Hochschulräte - vielen sind sie ein Dorn im Auge. Zuviel Bürokratie, "Klüngel" und wenig Transparenz. Nun hat die Heinz-Nixdorf-Stiftung zusammen mit dem Gütersloher Centrum für Hochschulentwicklung das "Handbuch Hochschulräte" als Wegweiser für gute Hochschulpolitik herausgebracht.

Ulrich Müller im Gespräch mit Ulrike Burgwinkel | 09.09.2010
    Ulrike Burgwinkel: Angekündigt als Empfehlungen für ein umstrittenes Gremium, umstritten – also schon im Titel – des "Handbuch Hochschulräte", herausgegeben vom Stifterverband für die Deutsche Wissenschaft, der Heinz-Nixdorf-Stiftung und dem Centrum für Hochschulentwicklung, dem CHE.

    Heute Mittag eben vorgestellt - und Ulrich Müller vom CHE hat die zugrunde liegende Studie mit geleitet. Guten Tag nach Berlin!

    Ulrich Müller: Guten Tag, ich grüße Sie!

    Burgwinkel: Herr Müller, was war denn die Basis für das Handbuch?

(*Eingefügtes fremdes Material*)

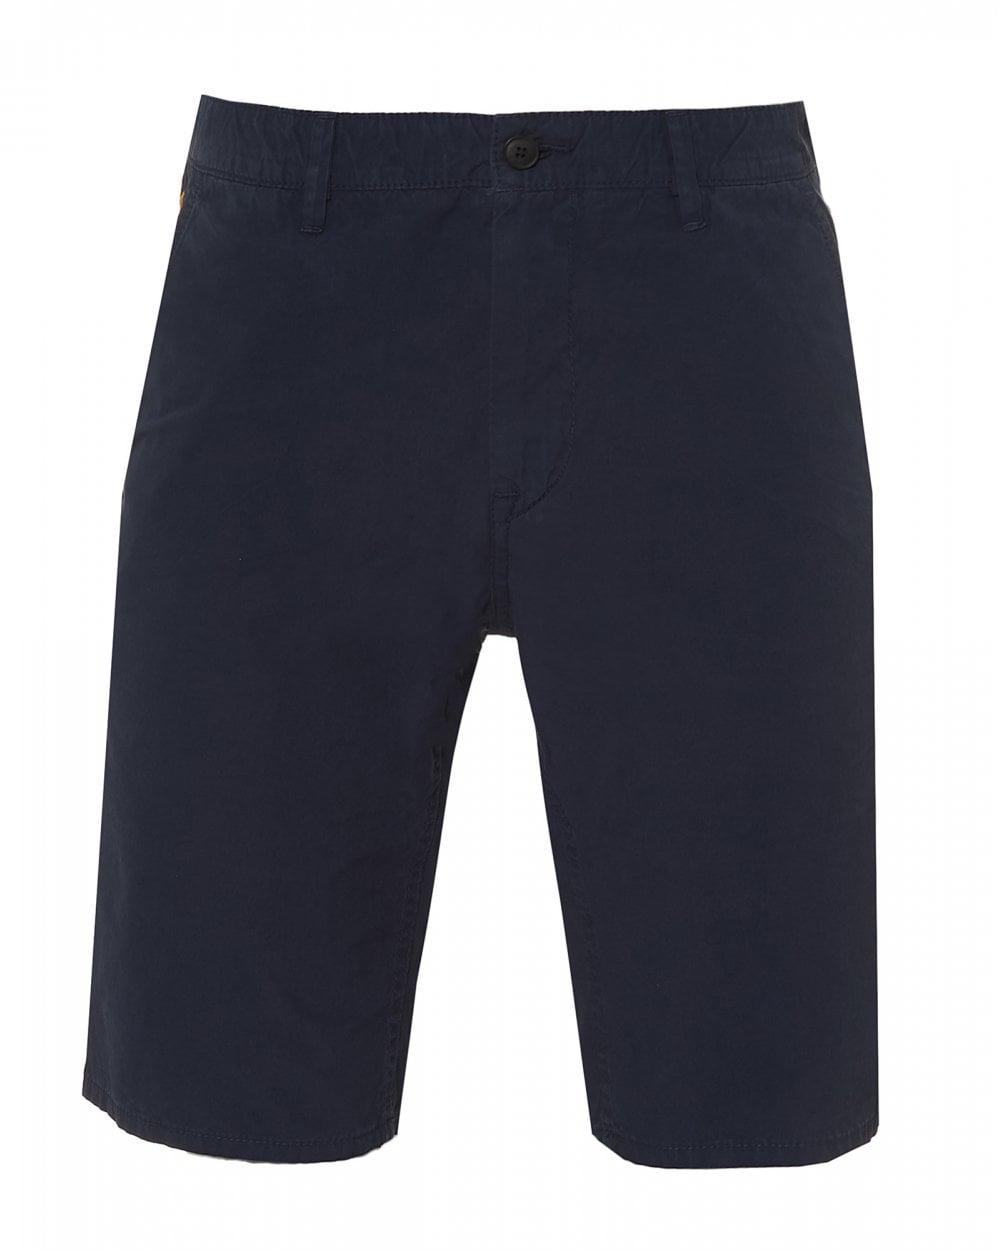 c59ec6af BOSS Casual Mens Schino-Slim-Shorts D Cotton Navy Blue Shorts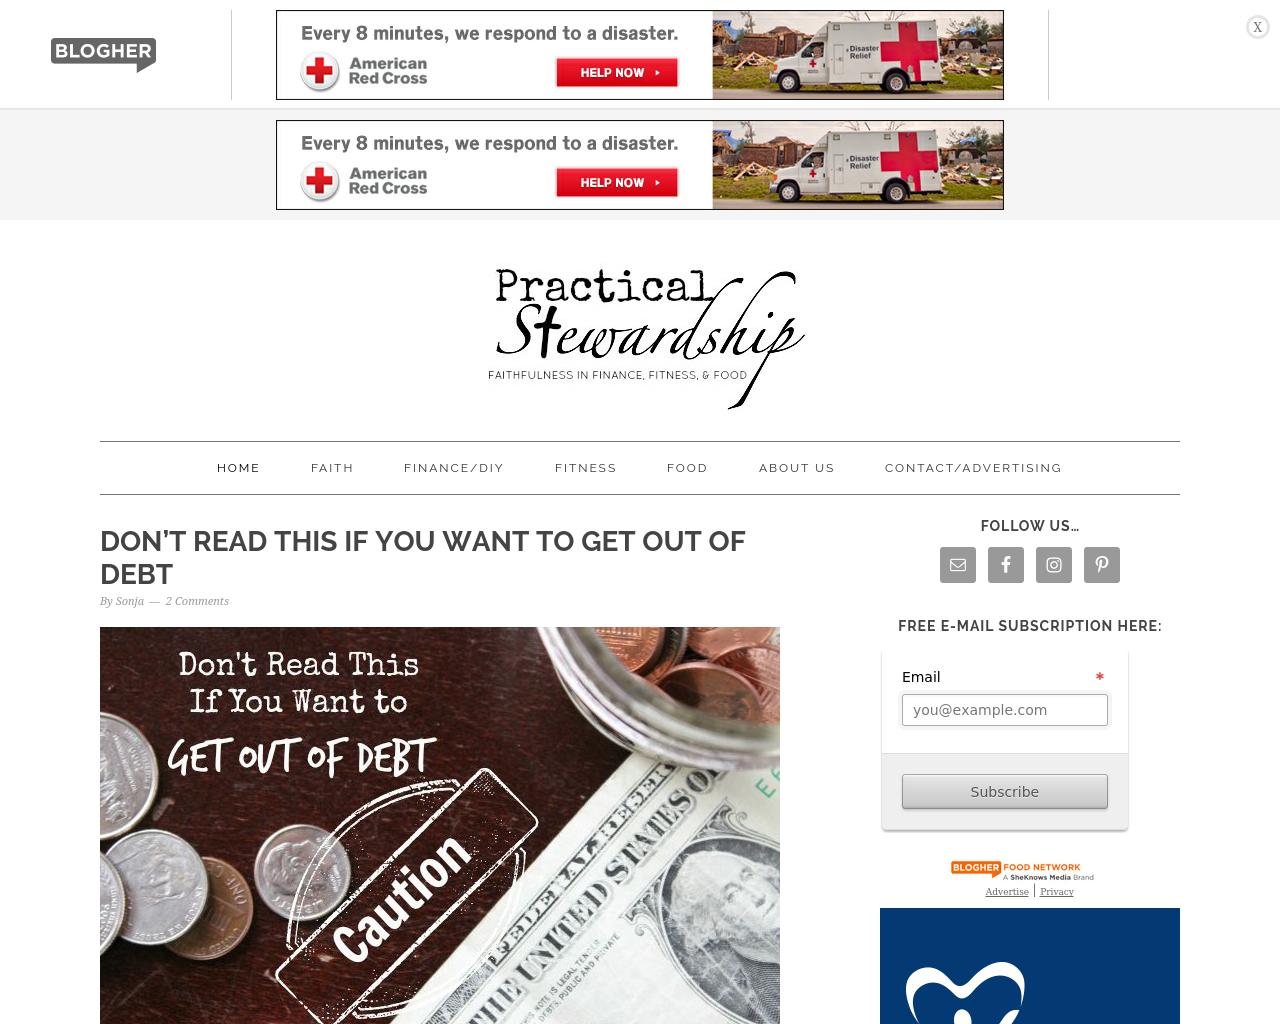 Practical-Stewardship-Advertising-Reviews-Pricing

    Müller: Eigentlich eine dreifache. Wir haben natürlich uns die Länderregelung angeschaut, da gibt es ja wie üblich kein deutsches Modell, kein einheitliches, sondern 15 verschiedene – Bremen hat ja keinen Hochschulrat. Wir haben zweitens natürlich die Forschungsliteratur, die existiert, ausgewertet, aber drittens, das ist das Wichtigste, wir haben viele Interviews geführt mit, ja, Betroffene sagt man jetzt nicht, mit Hochschulräten, mit Präsidenten, Rektoren, Ministerienvertreter, und haben die einfach gefragt: Wie funktioniert das? Weil uns hat interessiert die Frage: Die einen Hochschulen sagen, der Hochschulrat ist Gold wert, ist wirklich ein Gewinn für die Hochschule. Und die andere Hochschule sagt, da ist ein Haufen von Amateuren, die man nicht ernst nehmen kann, die aber sich sehr wichtig nehmen. Was stimmt jetzt von beidem?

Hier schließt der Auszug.